The Council of Ministers is chaired by the President of the Council of Ministers and is tasked with managing government operations.

==Members of the Council of Ministers==
On 1 October 2020 the government was announced as follows:
| OFFICE | NAME |
| Prime Minister | Faure Gnassingbé |
| Minister of Accessibility and Rural Roads | Bouraïma Kanfitine Tchede Issa |
| Minister of Agriculture, Livestock and Rural Development | Antoine Lekpa Gbegbeni |
| Minister of the Armed Forces | Essozimna Marguerite Gnakadè |
| Minister of Commerce, Industry and Local Consumption | Kodjo Adedze |
| Minister of Communication and Media (and Government Spokesperson) | Akoda Eyewadan |
| Minister of Culture and Tourism | Kossi Lamadokou |
| Minister of Digital Economy and Digital Transformation | Cina Lawson |
| Minister of Economy and Finance | Sani Yaya |
| Minister of Environment and Forest Resources | Katari Foli-Bazi |
| Minister of Foreign Affairs, Regional Integration and Togolese Abroad | Robert Dussey |
| Minister of Grassroots Development, Youth, and Youth Employment | Myriam de Souza-D'Almeida |
| Minister of Health, Public Hygiene and Universal Access to Health Care | Moustafa Mijiyawa |
| Minister of Higher Education & Research | Ihou Wateba |
| Minister of Human Rights, Citizenship Training and Relationship with the Institutions of Government (and Government Spokesperson) | Christian Trimua |
| Minister of Investment Promotion | Rose Kayi Mivedo |
| Minister of Maritime Economy, Fisheries and Coastal Protection | Edem Kokou Tengue |
| Minister of Primary, Secondary, Technical and Craft Education: | Komla Dodzi Kokoroko |
| Minister of Public Service, Labor and Social Dialogue | Gilbert Bawara |
| Minister of Public Works | Zouréhatou Tcha-Kondo |
| Minister of Road, Rail and Air Transport | Affoh Atcha-Dedji |
| Minister of Security and Civil Protection | Damehame Yark |
| Minister of Social Action, Promotion of Women and Literacy | Adjovi Lonlongno Apedo |
| Minister of Sports and Leisure | Kama Lidi Kedjaka Gbessi |
| Minister of Territorial Administration, Decentralization, and Local Authorities | Payadowa Boukpessi |
| Minister of Town Planning, Housing and Land Reform | Koffi Tsolenyanou |
| Minister of Water and Village Hydraulics | Bolidja Tiem |
| Minister-Delegate to the Minister of Territorial Administration, Decentralization and Territorial Development | Essomanam Edjeba |
| Minister-Delegate to the Minister of Primary, Secondary, Technical and Crafts Education, in charge of technical and crafts education | Eke Odin |
| Minister-Delegate to the Minister of Health, Public Hygiene and Universal Access to Care, in charge of universal access to care | Mamissilé Akla Agba Assih |

==History of the office==

===1991 conflict with the presidency===
In the months following the appointment of Joseph Kokou Koffigoh as prime minister by the National Conference on 27 August 1991, the soldiers of the Togolese Armed Forces (FAT) loyal to President Gnassingbé Eyadéma repeatedly tried to oust Koffigoh:

- On 1 October 1991, the soldiers seized the national radio and television station and demanded that Koffigoh resign before leaving the station; Koffigoh said afterwards on the radio that order was restored.
- On 8 October 1991, the soldiers unsuccessfully tried to kidnap Koffigoh, and four people were reported killed in protests and violence that followed.
- In late November 1991, the soldiers began a siege of Koffigoh's official residence in Lomé after Eyadéma's party, the Rally of the Togolese People (RPT), was banned by the transitional High Council of the Republic (HCR).
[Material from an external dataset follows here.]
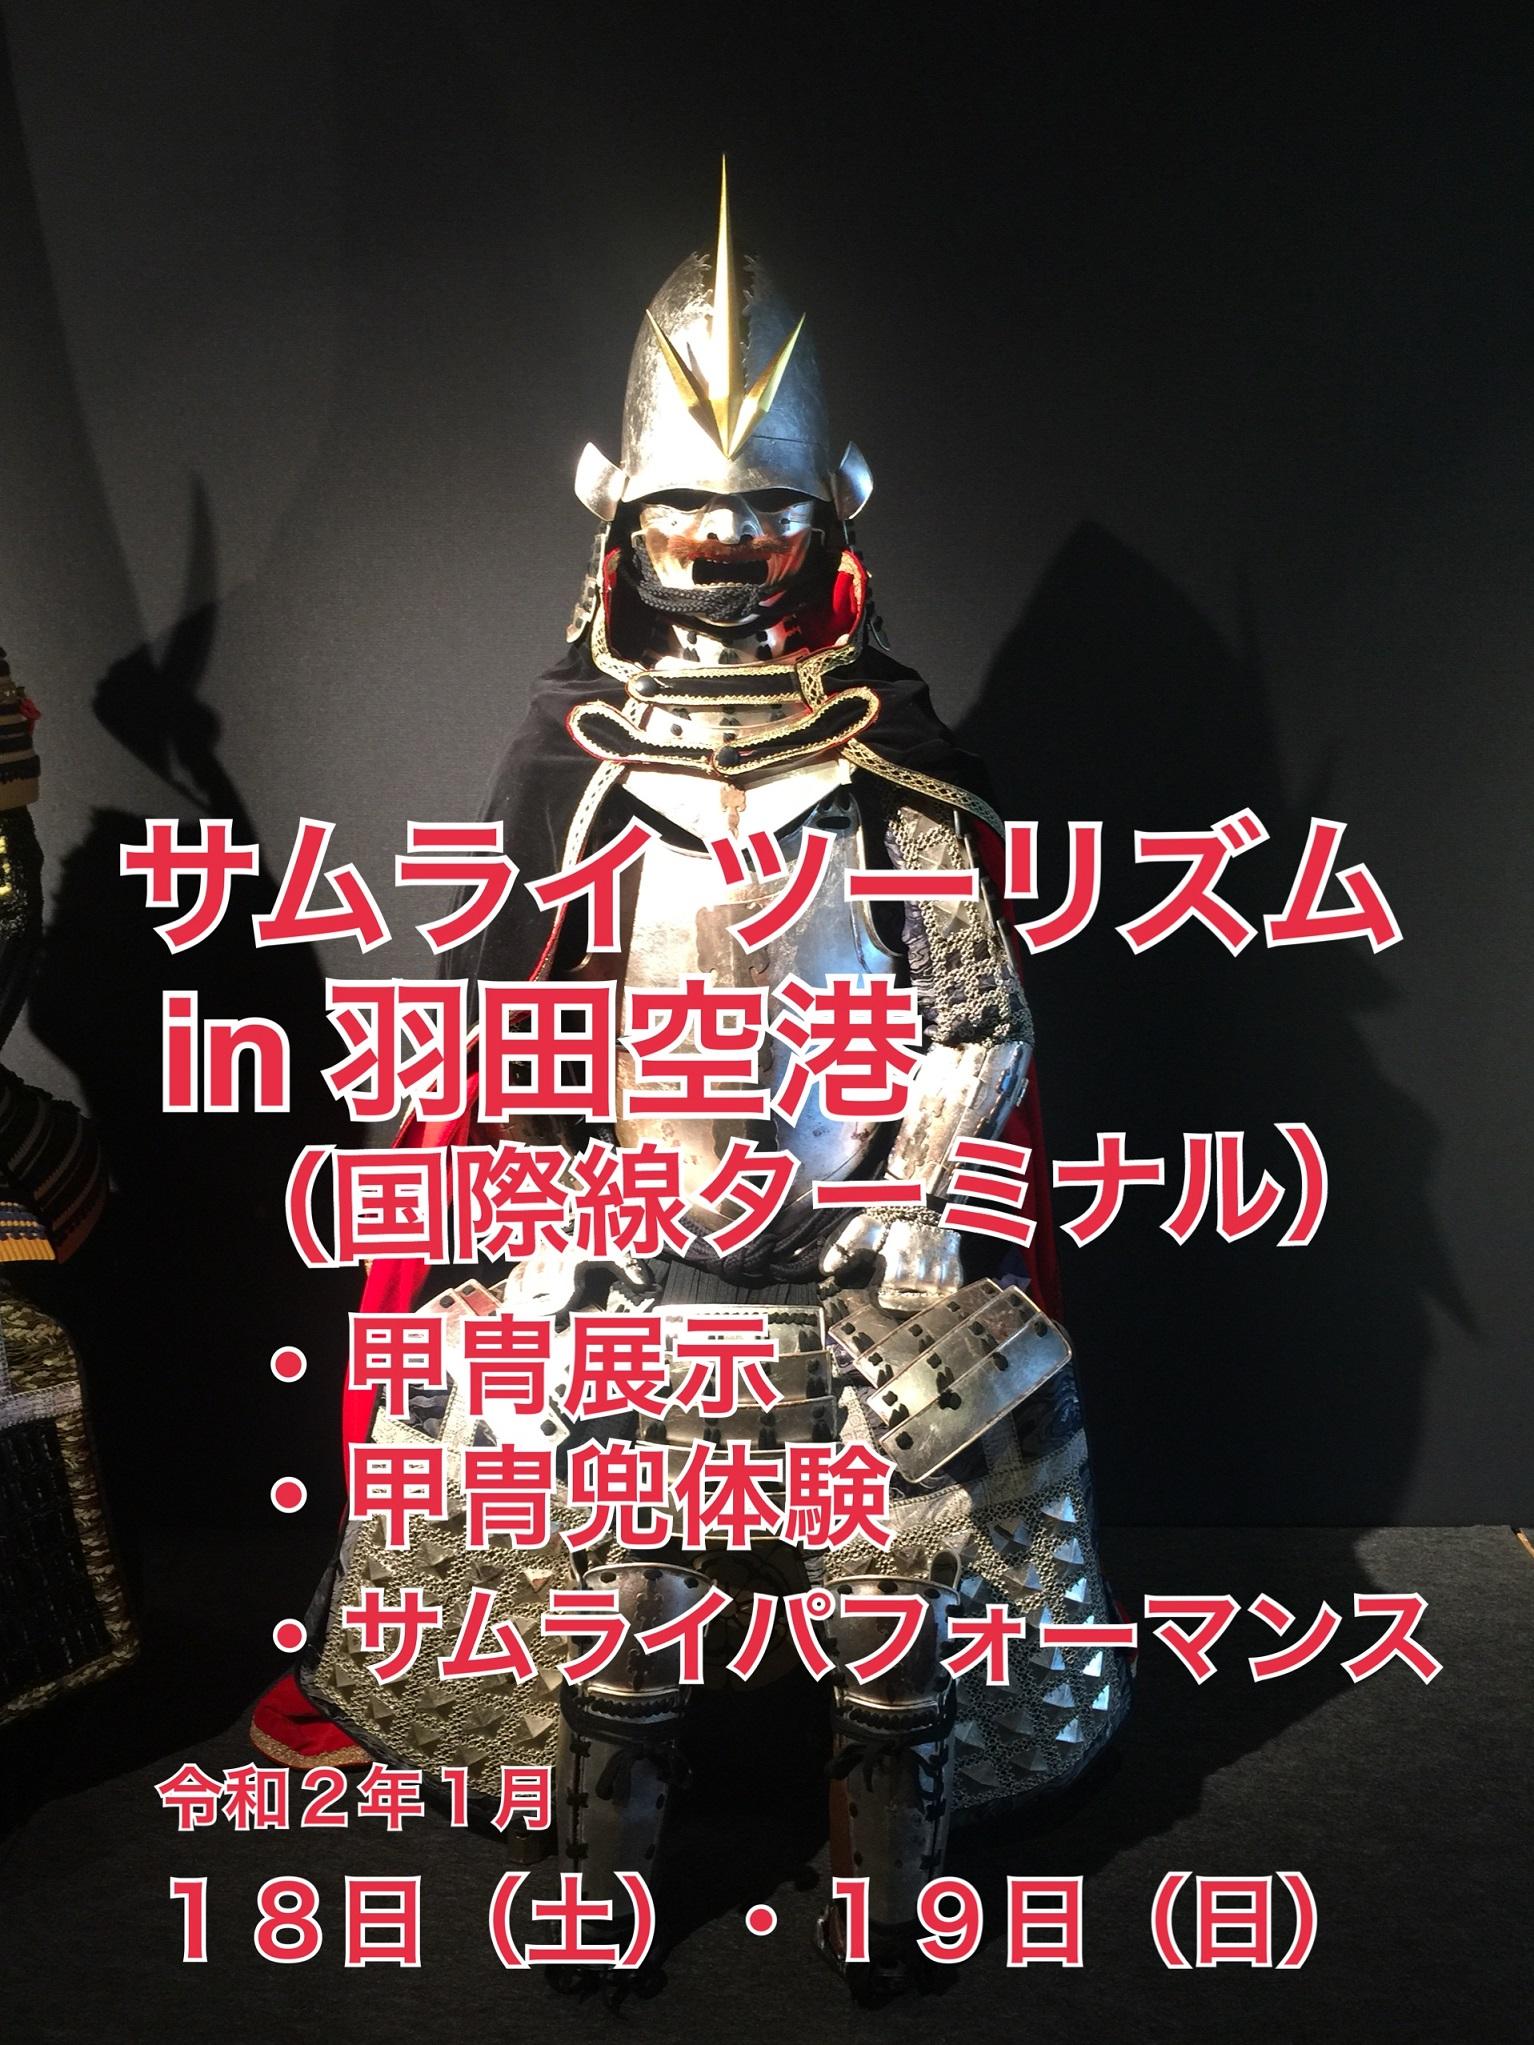 サムライ ツーリズム in 羽田空港 1/18(土)・19(日)

They demanded that Koffigoh's government be replaced and threatening to "reduce the city to ashes"; they also demanded that the RPT be legalized again and that the HCR be dissolved. Koffigoh called for French military aid. Eyadéma publicly called on the soldiers to return to their barracks and expressed continued trust in Koffigoh, but also invited him to begin consultations on the formation of a new national unity government. After two days of talks, the soldiers lifted their siege; however, they promptly resumed it. Koffigoh then offered to include supporters of Eyadéma in the government, but he refused to dissolve his government altogether, and he again called for French aid. On 3 December 1991, the soldiers succeeded in capturing Koffigoh in a heavy assault on his official residence, involving tanks and machine guns. Many people were killed in this violence: at least 17, and possibly more than 200. The soldiers then took Koffigoh to meet with Eyadéma, who was widely believed to have been behind the soldiers' actions, although he did not take responsibility for them. Later on the same day, Eyadéma released a statement saying that he and Koffigoh would form a new transitional government. Although Koffigoh remained in office, his power was considered curtailed. On 31 December, a new government headed by Koffigoh was announced, including three members of the RPT; most members of the previous government remained in their posts.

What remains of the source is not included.